#### [What is expected]
Each line of the data should be given again exactly.

#### [Data to examine]
-- Opening Marker --

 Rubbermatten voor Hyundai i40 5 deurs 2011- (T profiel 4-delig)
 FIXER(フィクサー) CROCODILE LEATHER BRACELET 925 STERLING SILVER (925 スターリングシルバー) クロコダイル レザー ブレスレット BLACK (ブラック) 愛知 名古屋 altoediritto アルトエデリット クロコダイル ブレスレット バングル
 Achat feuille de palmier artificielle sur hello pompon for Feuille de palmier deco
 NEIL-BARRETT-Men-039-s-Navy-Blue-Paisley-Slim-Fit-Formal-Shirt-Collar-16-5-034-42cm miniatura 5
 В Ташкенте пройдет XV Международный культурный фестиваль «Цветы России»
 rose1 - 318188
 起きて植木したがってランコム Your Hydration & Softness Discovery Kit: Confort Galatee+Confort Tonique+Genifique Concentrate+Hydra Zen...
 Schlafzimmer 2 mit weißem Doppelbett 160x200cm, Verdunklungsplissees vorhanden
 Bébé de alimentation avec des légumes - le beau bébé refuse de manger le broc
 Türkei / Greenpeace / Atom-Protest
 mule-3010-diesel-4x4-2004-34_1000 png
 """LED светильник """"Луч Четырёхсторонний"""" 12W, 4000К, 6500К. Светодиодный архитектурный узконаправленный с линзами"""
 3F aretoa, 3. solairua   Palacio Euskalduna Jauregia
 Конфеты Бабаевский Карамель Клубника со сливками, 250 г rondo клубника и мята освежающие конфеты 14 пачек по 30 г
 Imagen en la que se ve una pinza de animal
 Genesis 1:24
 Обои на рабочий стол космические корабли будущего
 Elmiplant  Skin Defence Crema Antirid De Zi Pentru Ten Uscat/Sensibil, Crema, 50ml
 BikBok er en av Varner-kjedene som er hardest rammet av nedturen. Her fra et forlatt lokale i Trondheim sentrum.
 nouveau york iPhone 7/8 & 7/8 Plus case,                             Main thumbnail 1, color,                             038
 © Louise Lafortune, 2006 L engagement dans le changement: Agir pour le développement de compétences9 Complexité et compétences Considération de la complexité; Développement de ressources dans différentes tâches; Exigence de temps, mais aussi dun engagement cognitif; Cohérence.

-- Closing Marker --

#### [Result of this exercise]
 Rubbermatten voor Hyundai i40 5 deurs 2011- (T profiel 4-delig)
 FIXER(フィクサー) CROCODILE LEATHER BRACELET 925 STERLING SILVER (925 スターリングシルバー) クロコダイル レザー ブレスレット BLACK (ブラック) 愛知 名古屋 altoediritto アルトエデリット クロコダイル ブレスレット バングル
 Achat feuille de palmier artificielle sur hello pompon for Feuille de palmier deco
 NEIL-BARRETT-Men-039-s-Navy-Blue-Paisley-Slim-Fit-Formal-Shirt-Collar-16-5-034-42cm miniatura 5
 В Ташкенте пройдет XV Международный культурный фестиваль «Цветы России»
 rose1 - 318188
 起きて植木したがってランコム Your Hydration & Softness Discovery Kit: Confort Galatee+Confort Tonique+Genifique Concentrate+Hydra Zen...
 Schlafzimmer 2 mit weißem Doppelbett 160x200cm, Verdunklungsplissees vorhanden
 Bébé de alimentation avec des légumes - le beau bébé refuse de manger le broc
 Türkei / Greenpeace / Atom-Protest
 mule-3010-diesel-4x4-2004-34_1000 png
 """LED светильник """"Луч Четырёхсторонний"""" 12W, 4000К, 6500К. Светодиодный архитектурный узконаправленный с линзами"""
 3F aretoa, 3. solairua   Palacio Euskalduna Jauregia
 Конфеты Бабаевский Карамель Клубника со сливками, 250 г rondo клубника и мята освежающие конфеты 14 пачек по 30 г
 Imagen en la que se ve una pinza de animal
 Genesis 1:24
 Обои на рабочий стол космические корабли будущего
 Elmiplant  Skin Defence Crema Antirid De Zi Pentru Ten Uscat/Sensibil, Crema, 50ml
 BikBok er en av Varner-kjedene som er hardest rammet av nedturen. Her fra et forlatt lokale i Trondheim sentrum.
 nouveau york iPhone 7/8 & 7/8 Plus case,                             Main thumbnail 1, color,                             038
 © Louise Lafortune, 2006 L engagement dans le changement: Agir pour le développement de compétences9 Complexité et compétences Considération de la complexité; Développement de ressources dans différentes tâches; Exigence de temps, mais aussi dun engagement cognitif; Cohérence.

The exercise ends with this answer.